Range semantics #56479

LilithHafner · 2024-11-06T21:19:47Z

Theoretical question:
Is the range 0.0:0.1:1.0
A) a performance optimization that should behave identically to the vector [0.0, 0.1, 0.2, 0.3, 0.4, 0.5, 0.6, 0.7, 0.8, 0.9, 1.0] or
B) does it represent the 11 real numbers evenly spaced between 0 and 1, including both endpoints?

Practical implications:
Under A, diff(0:.1:1) is [0.1, 0.1, 0.09999999999999998, 0.10000000000000003, 0.09999999999999998, 0.09999999999999998, 0.09999999999999998, 0.10000000000000009, 0.09999999999999998, 0.09999999999999998] (current implementation)
Under B, a performance and accuracy improvement would be to define diff(x::AbstractRange) = fill(step(x), length(x)-1) which would return [0.1, 0.1, 0.1, 0.1, 0.1, 0.1, 0.1, 0.1, 0.1, 0.1].
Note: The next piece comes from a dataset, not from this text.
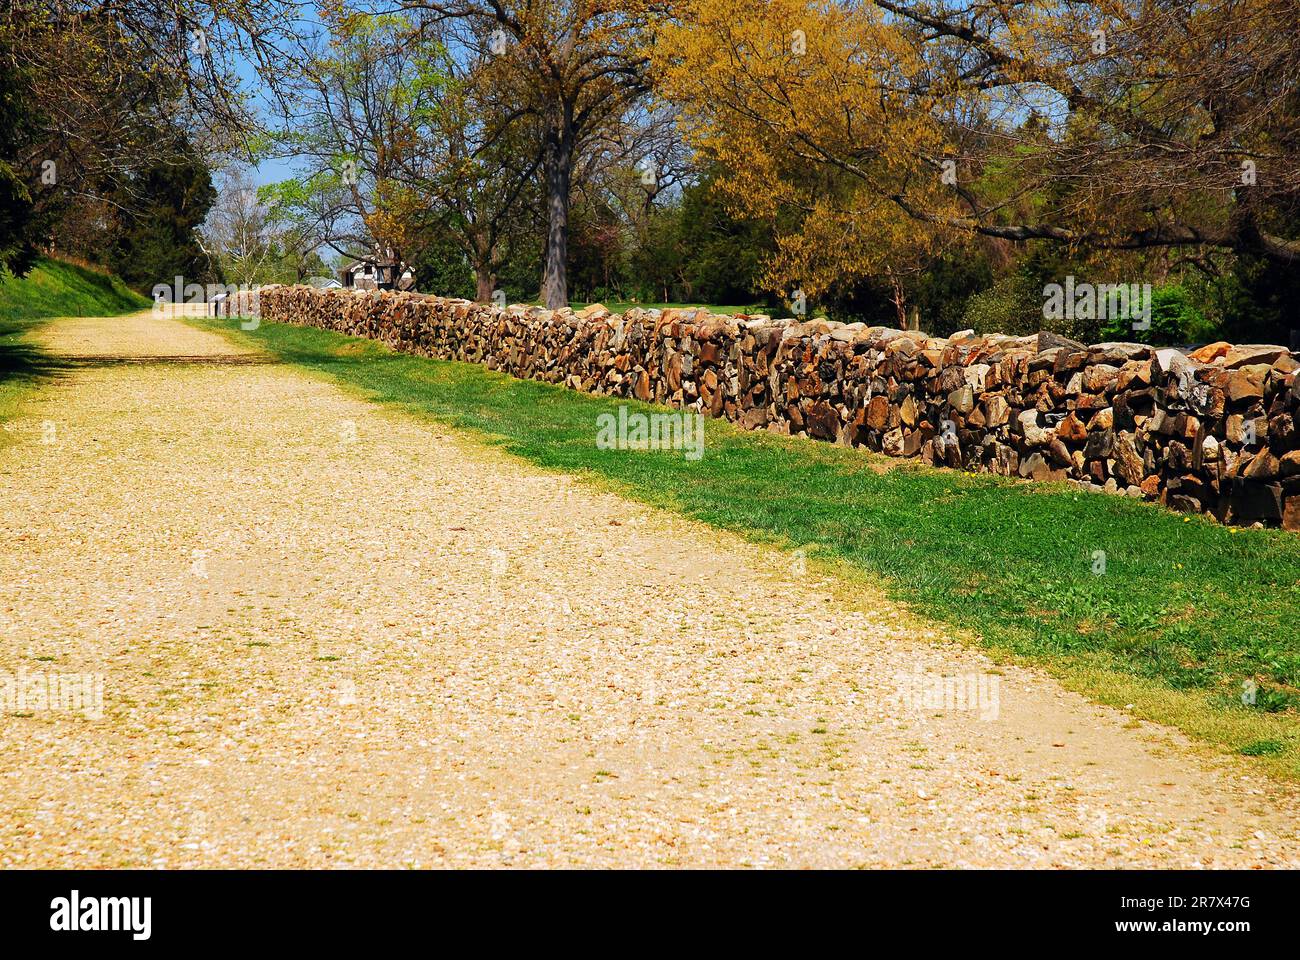 The Sunken Road and stone wall, where Confederate troops ambushed Union soldiers at the Battle of Fredericksburg during the American Civil War Stock Photo

Under A, searchsorted(1f8-10:1f8, 1f8) should return 5:9
Under B, searchsorted(1f8-10:1f8, 1f8) should return 9:9 (current implementation, see #34408)
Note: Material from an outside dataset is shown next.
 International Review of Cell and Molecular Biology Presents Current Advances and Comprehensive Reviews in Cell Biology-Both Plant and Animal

Under A, collecting a range before performing an operation should never change results
Under B, a range can be more precise than the collected vector so it is possible for collect to introduce rounding errors which change results.

The text was updated successfully, but these errors were encountered:

mbauman · 2024-11-06T21:54:57Z

Even better, diff(A::AbstractRange) could be implemented as r[begin:end-1] .- r[begin+1:end], which gives back the range:

julia> rangediff(r) = r[begin:end-1] .- r[begin+1:end]
rangediff (generic function with 4 methods)

julia> rangediff(0:.1:1)
StepRangeLen(-0.1, 0.0, 10)

julia> println(collect(ans))
[-0.1, -0.1, -0.1, -0.1, -0.1, -0.1, -0.1, -0.1, -0.1, -0.1]

This is in keeping with how we do lots of range arithmetic — it's O(1) where possible, even if it means that the values are different than the collected versions would be. For example, (0:.1:1) ./ 3 is 0:1/30:1/3 instead of the division of the values the range generates:

julia> (0:.1:1) ./ 3
0.0:0.03333333333333333:0.3333333333333333

julia> (collect(0:.1:1) ./ 3) .- collect((0:.1:1) ./ 3)
11-element Vector{Float64}:
  0.0
  0.0
  0.0
 -1.3877787807814457e-17
  0.0
  0.0
 -2.7755575615628914e-17
 -2.7755575615628914e-17
  0.0
  0.0
  0.0

So what's the rule? I think it's gotta be a little gray:

If you can compute the operation with O(1) range operations directly on the begin / step / stop / len quad and return an O(1) object, then that's the right thing to do.
Otherwise, it's gotta work on the generated values

Where does this leave searching? No clue.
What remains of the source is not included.